[Records provided]
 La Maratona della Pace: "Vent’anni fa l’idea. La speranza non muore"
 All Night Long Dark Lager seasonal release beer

--

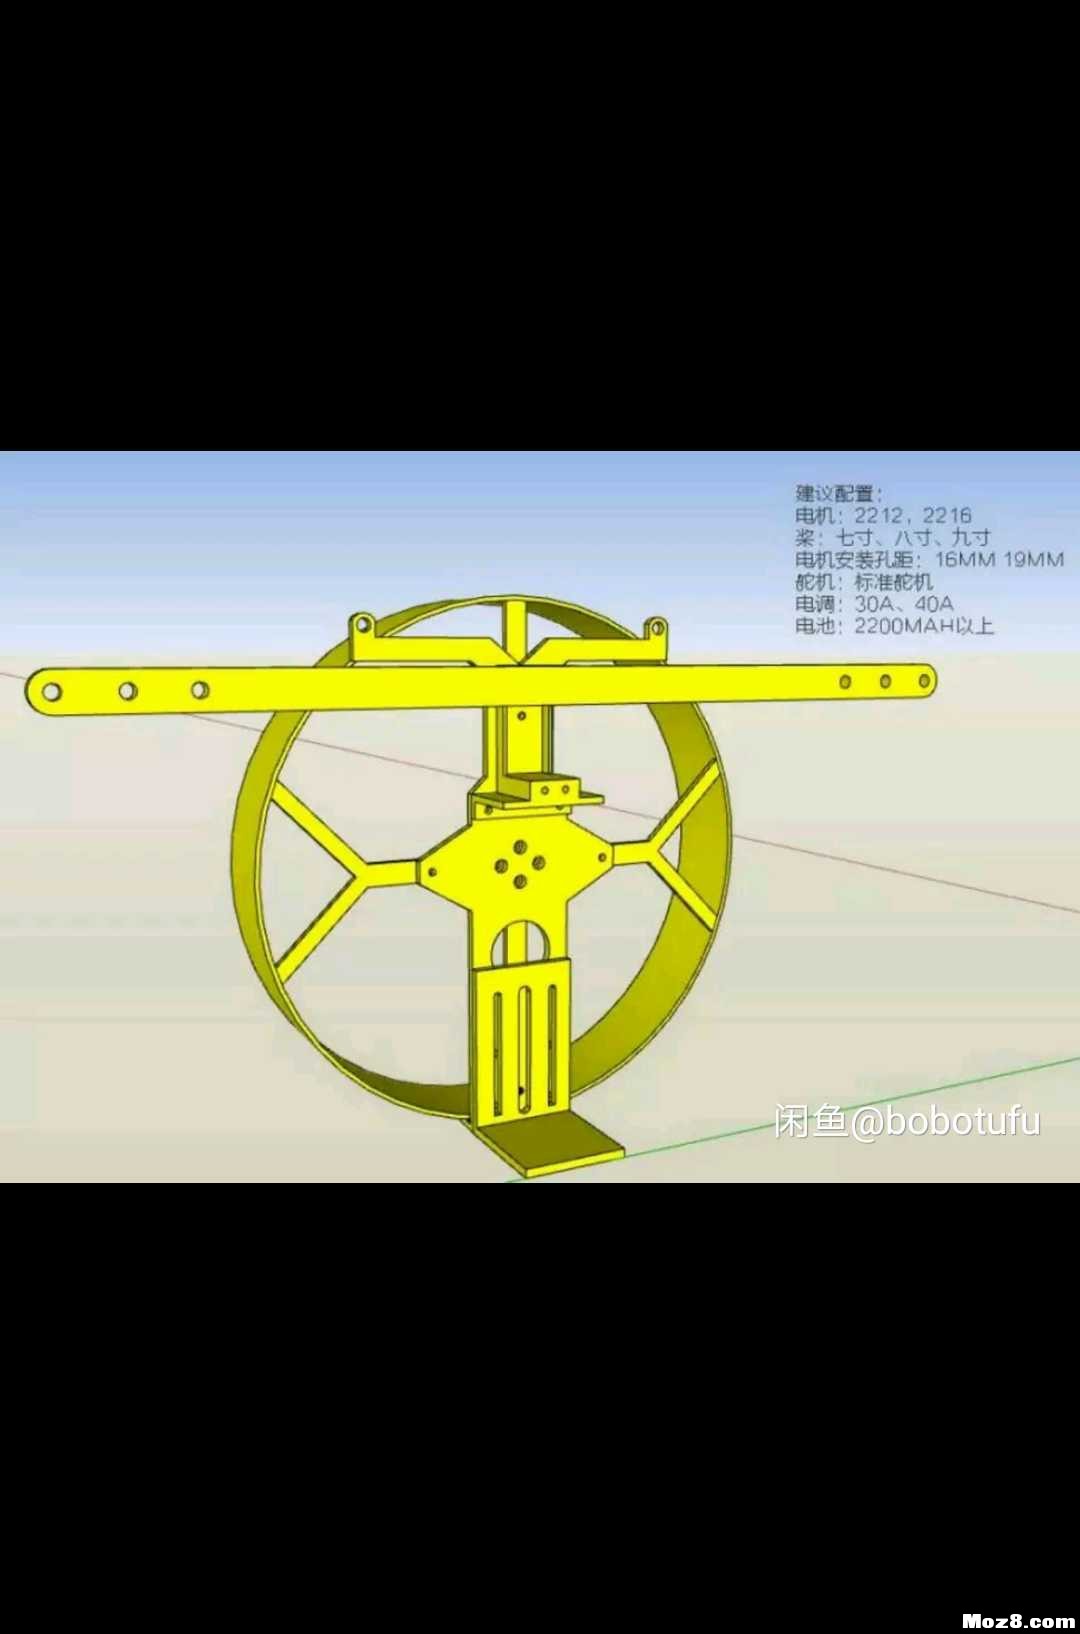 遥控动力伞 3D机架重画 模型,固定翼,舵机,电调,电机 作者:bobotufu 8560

[Exercise goal]
Every line from the line containing "La Maratona della" through the line containing "All Night Long" in the records above must be retyped exactly. Leave out the rest.

[Answer section]
 La Maratona della Pace: "Vent’anni fa l’idea. La speranza non muore"
 All Night Long Dark Lager seasonal release beer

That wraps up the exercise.